In this model the outmost residue of the HlyA interaction site in the CLD is E92. The minimal distance between E92 and pbp-in measures ~40 Å and the maximal distance from E92 to pbp-in is ~64 Å. The pbp-out shows a distance to E92 between 54 Å and 68 Å, respectively. Based on these calculations, HlyA can easily bridge these distances and simultaneous binding of the substrate HlyA to the CLD and NBD of HlyB is possible. In the recently published structure of the HlyB / HlyD complex (Zhao et al., 2022) only one of the three HlyB dimers is transport competent. Furthermore, only one of the two CLDs is visible in the electron density of the transport competent dimer. Here, the distance between E92 and pbp-in is approximately 60 Å, while the distance to pbp-out is with slight increased, approximately 75 Å. This also supports our conclusion that HlyA can bridge this distance and that the proposed simultaneous binding is indeed possible.
If multiple interaction sites on HlyB are occupied simultaneously by one substrate molecule, this would result in a strictly ordered substrate arrangement, which could confer specificity between substrate and transport machinery. The interaction between substrate and the secretion machinery has also essential impact on inducing the assembly of the translocation channel (Thanabalu et al., 1998; Zhao et al., 2022).
The transport components HlyB and HlyD can also secrete heterologously expressed RTX toxins such as FrpA from N. meningitidis and HlyIA from A. pleuropneumoniae serotype 1 (Gygi et al., 1990; Thompson and Sparling, 1993). Both are predicted to have an AH in their C-terminus and a GG repeat can be found 122 residues (FrpA) and 121 residues (HlyIA) upstream of this AH.

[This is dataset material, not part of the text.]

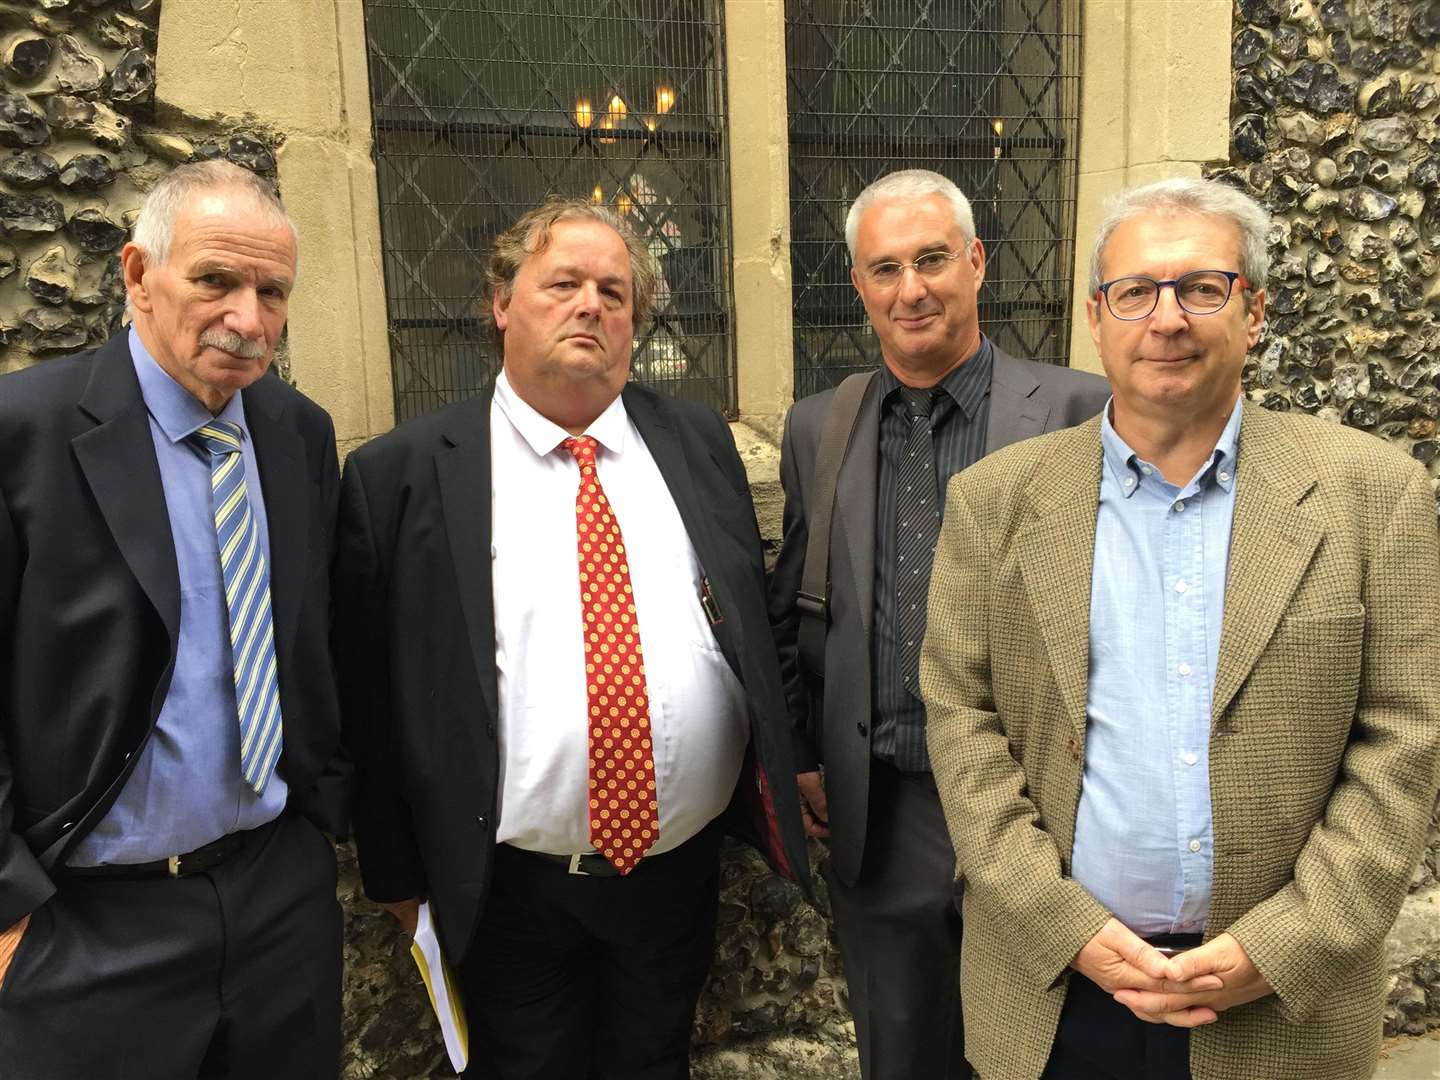 From left to right, residents Dr Robert Jackson, Mark Boardman, Steven Barrow and Gerard Jakamavicius at the planning inquiry
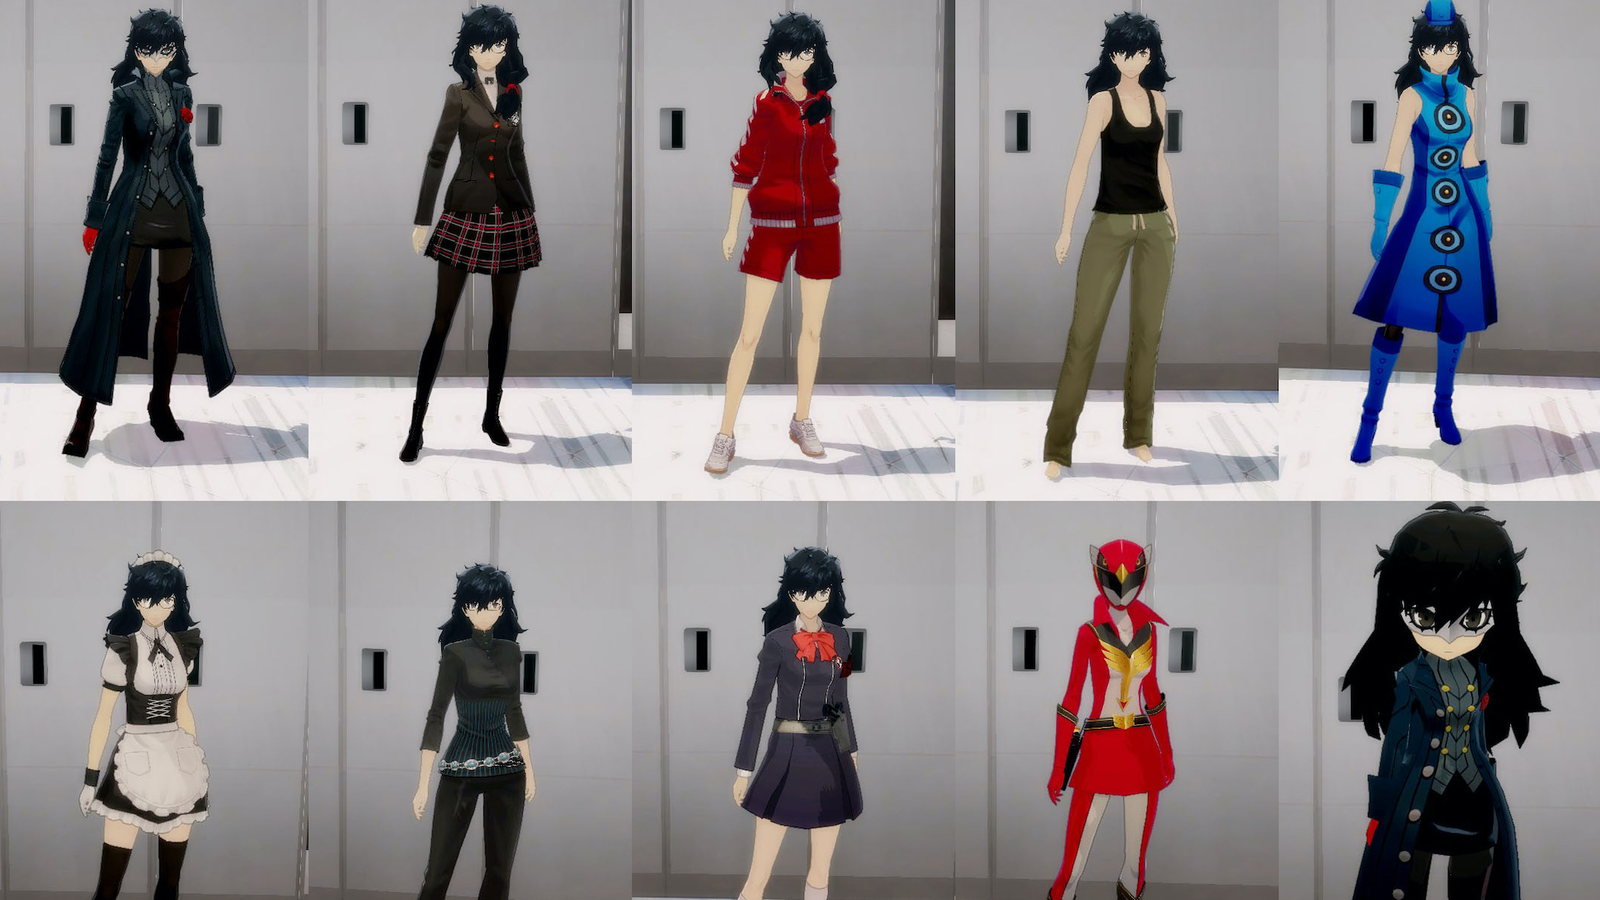 Huge Persona 5 mod offers female protagonist and new romance options

Investigations on the conserved distance between the predicted amphipathic helix domain and the GG-repeat of HlyA
The secretion signal of HlyA is located in the C-terminal 60 residues (Holland et al., 2016). Interestingly, heterologous substrates that can be secreted by HlyBD show AHs in their C-terminal secretion signal when analyzed with the prediction tool AmphipaSeeK. Furthermore, these heterologous substrates display the same distance between the predicted AH and the GG-repeat of the RTX domain as HlyA (Table 4). A linker of a conserved length between the two interaction sites further strengthens the theory that the RTX domain and the secretion signal interact simultaneously with the ABC transporter, which might be important for the correct orientation of the substrate. Additionally, an aromatic residue (F990) close to the AH was shown to be important for HlyA secretion and a Phe residue close to the predicted AHs can be found in the heterologous substrates as well (Table 4).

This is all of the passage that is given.